The company was able to raise $88 million in a public offering in early May 2017 at $6.15 per share. As of end Q1 2017 the company reported $108 million in cash. Net loss was reported for Q1 2017 at $40 million, but the company reports a cash burn of $22 million in the quarter. RXDX has approximately $32 million in long-term debt. With roughly $190 million on hand its cash runway would last until mid to late 2019. Three analyst consensus target is over $20 per share. Other analysts have stated that this company is undervalued in terms of its peers. Strong Bio regards this stock as worthy of initial positioning on any pullbacks, with a target of $6.50 per share being regarded as a nice pickup.

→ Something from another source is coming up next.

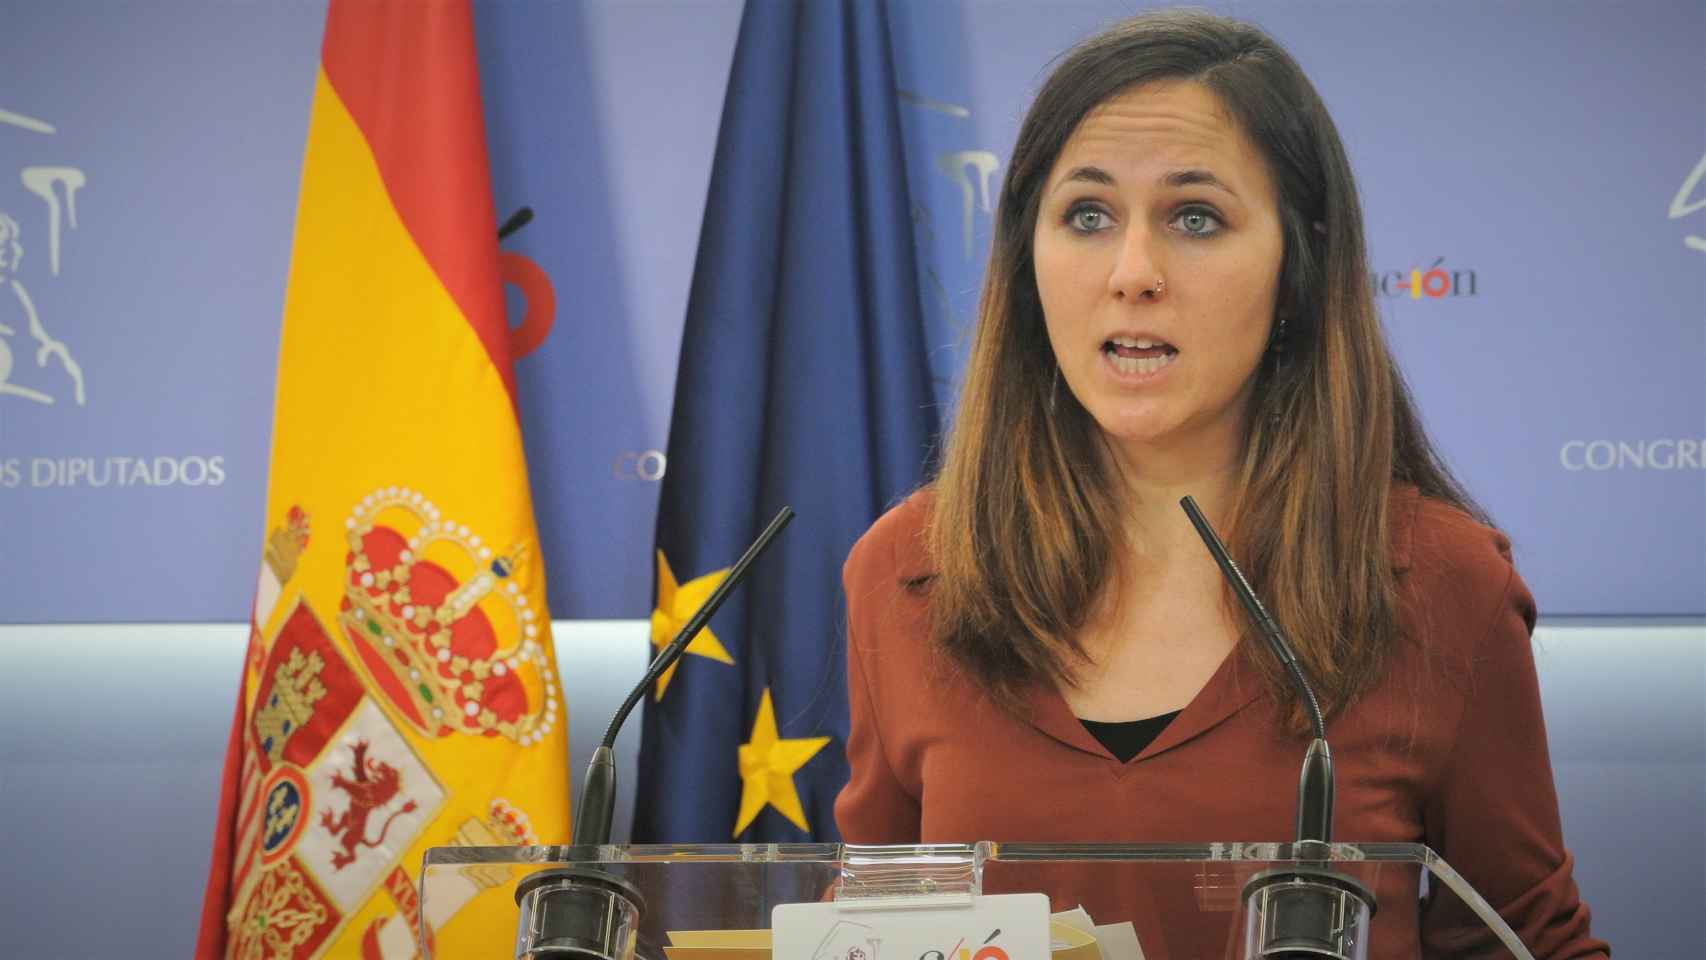 Ione Belarra, secretaria de Estado para la Agenda 2030 y coordinadora ejecutiva de Podemos.

Risks for investment in Ignyta include risks that FDA approval, even with Breakthrough Therapy designation, is not automatic and can be delayed, with as many as 15% of such candidates required second attempts to gain approval. If the company pushes forward too quickly with its pipeline candidates that are not partnered with Lilly, it may have to dilute to fund them and a commercial launch of its lead candidate entrectinib, FDA willing. Competition for entrectinib is both already on the market in some indications (as for Xalkori), and entering late clinical stage trials at other companies. Moreover, peer evaluation in cancer is not always a good indicator of future performance. Some stocks are manipulated for buyout, especially by foreign suitors. Others seem to achieve monstrous multi-billion dollar valuations for markets that are likely to be in the low hundreds of millions at the most, making it highly variable and unreliable to analyze classes of biotechnology companies. It is more useful in evaluation of companies with large pipelines, however.